Tuesday, September 13, 2016

Is Prediction an Exquisite Fiction?

As I described in a previous post, a long-standing topic of discussion is the usefulness of a given scientific endeavor or study. Along these lines, science is often divided into BASIC and APPLIED. Applied science is – by definition – useful. It cures some disease. It improves crop levels. It saves some endangered species. Basic science is – at least classically – not obviously or immediately useful. Instead, it addresses a (hopefully) interesting question – interesting at least to the researcher. Sometimes called “curiosity-driven” science, basic research might one day have great utility but, at the time it is conducted, its uses aren’t obvious.

The motivation for my earlier post on basic vs. applied science.
Basic science was once considered an admirable pursuit – perhaps even preferable as an intellectual, university-based enterprise.
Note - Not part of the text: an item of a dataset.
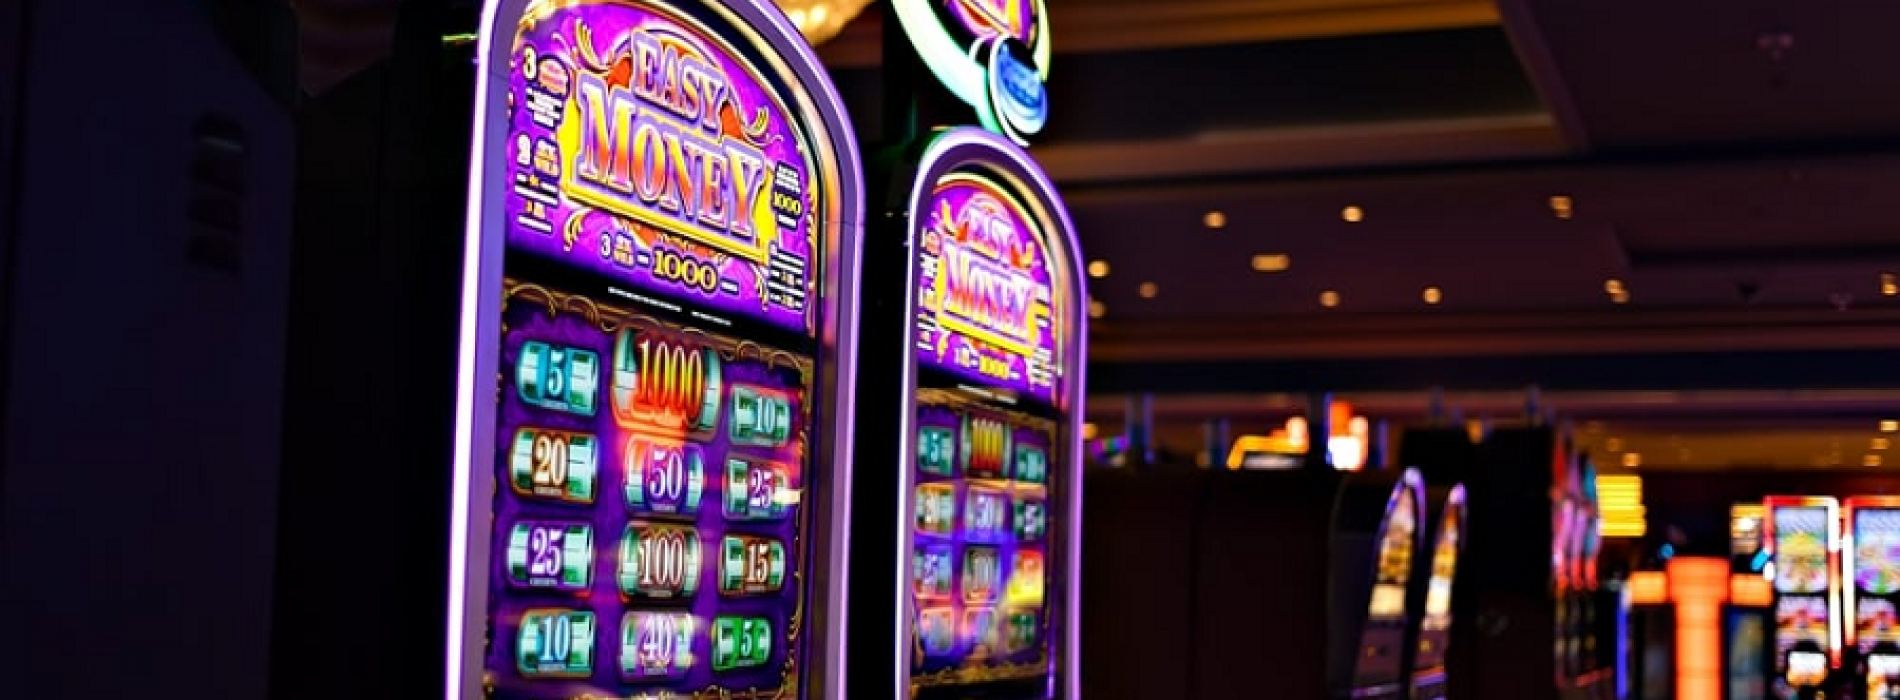 Slot Online – What Are The Different Types of Slot Games?
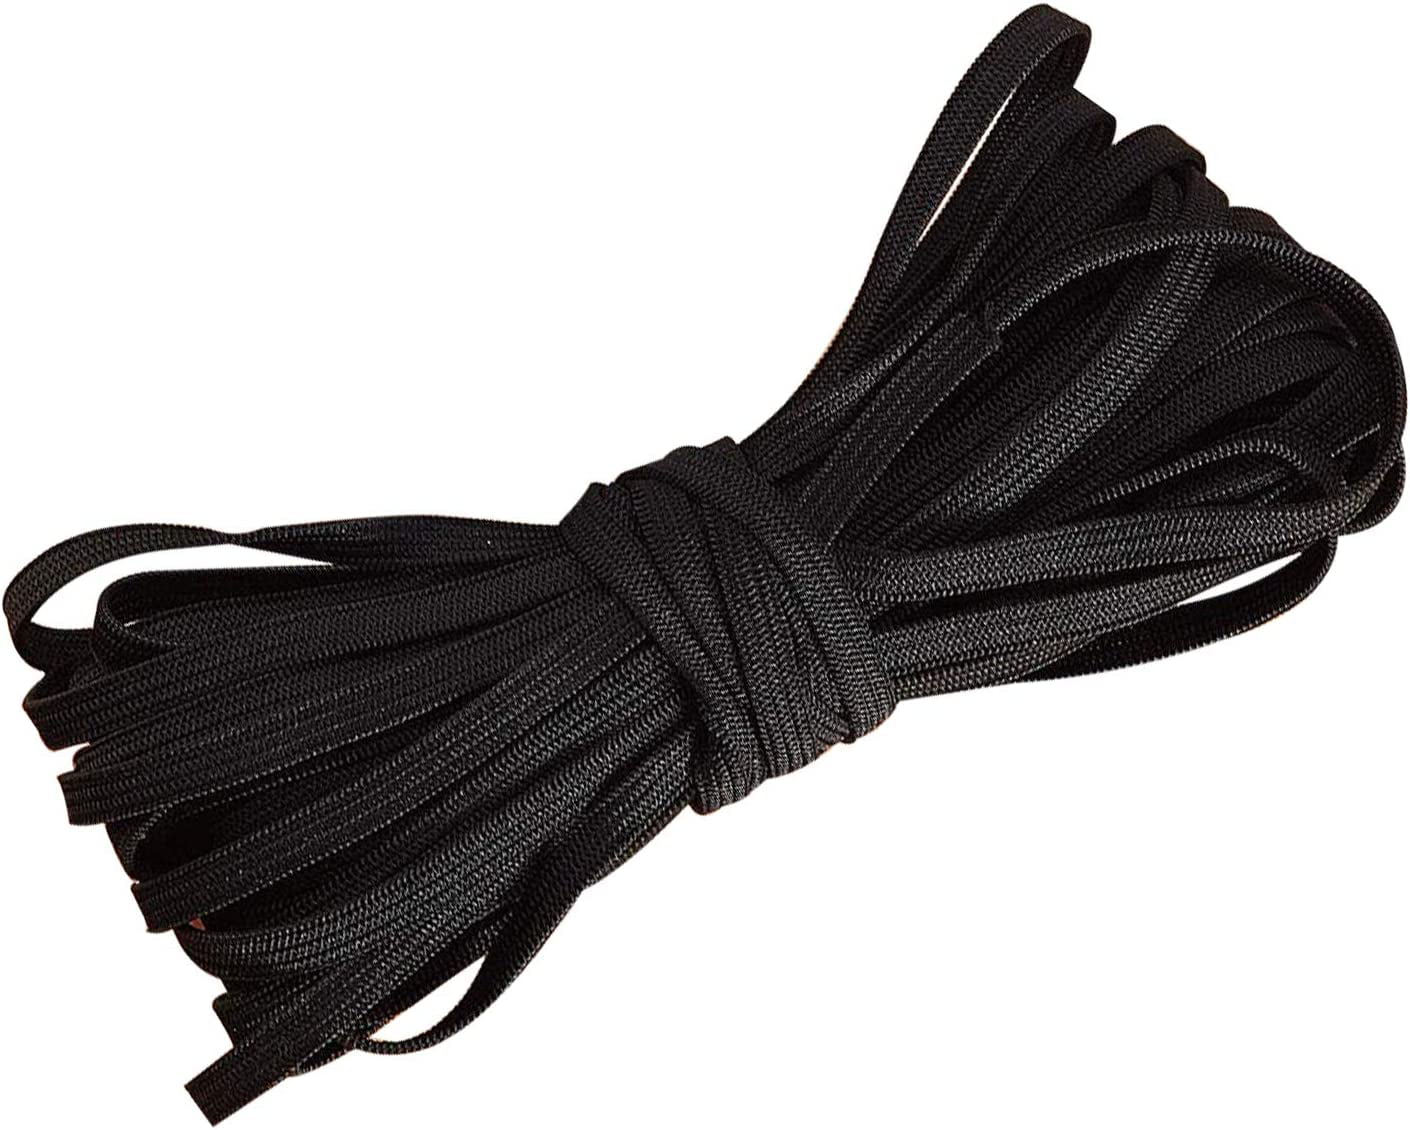 Trimming Shop 7mm Elastic Band Stretchable Smooth Finish Elastic Cord Thread  Sewing - Black, 250mtr

More recently, however, universities and funding agencies want to hear how your research – whether basic or applied – will have “broader impacts” or “direct benefit to the people of ...” No longer is it enough for the science itself to be interesting and clever and well designed; it also has to have a clear utility. When justifying a research project, these pay-offs are expected to be clearly and forcefully presented, usually at the outset of a proposal and in an explicit section at the end.

For basic scientists in ecology and evolution, these applied justifications tend to involve conservation (e.g., saving some endangered species or place), management (e.g., of natural resources), discovery (e.g., new drugs), or ecosystem services (e.g., greater biodiversity generates greater productivity or resilience or whatever). In many cases, the specific link between the science and the proffered application is PREDICTION. For example, “we need to be able to predict what is going to happen, in the face of environmental change or management actions, if we are going to design effective strategies for conservation or management.” This sort of justification is a natural and easy one because we can always say “If we don’t understand the system well, we can’t predict it. My research will help us to understand the system better, which will improve prediction, which will be useful, right?”


Just last week I – along with 21 other scientists – published an opinion/review paper in Science amplifying this last point. Specifically, we need to predict what will happen with climate change and – to do so accurately – we need much more information about organisms, communities, and ecosystems than we currently have. In this post, I would like to play Devil’s Advocate to my own paper by arguing that prediction is often hopeless.

From our Science paper.
A first important distinction is whether we wish to make a prediction or whether we wish to make an ACCURATE prediction. It might seem obvious that we want the latter but even the former is sometimes hard. That is, we might not have enough information about a given system to even speculate effectively as to whether or not some action (e.g., climate change) will have a particular effect on a particular species. Most of the time, however, we are able to make some sort of prediction based on intuition or similar systems or mathematical models or experiments or whatever. So the real concern becomes “how correct (accurate/precise) will be our predictions?”

The accuracy of prediction will depend on the type and precision of prediction. For instance, we might first want to predict simply WHETHER a given environmental change or management action will have an effect at all. Here we might be safe in many instances. Will climate change influence biological diversity? Yes! If the environmental change is large, something will respond to it. However, this isn’t the sort of prediction that we – or the public or managers or governments – care about.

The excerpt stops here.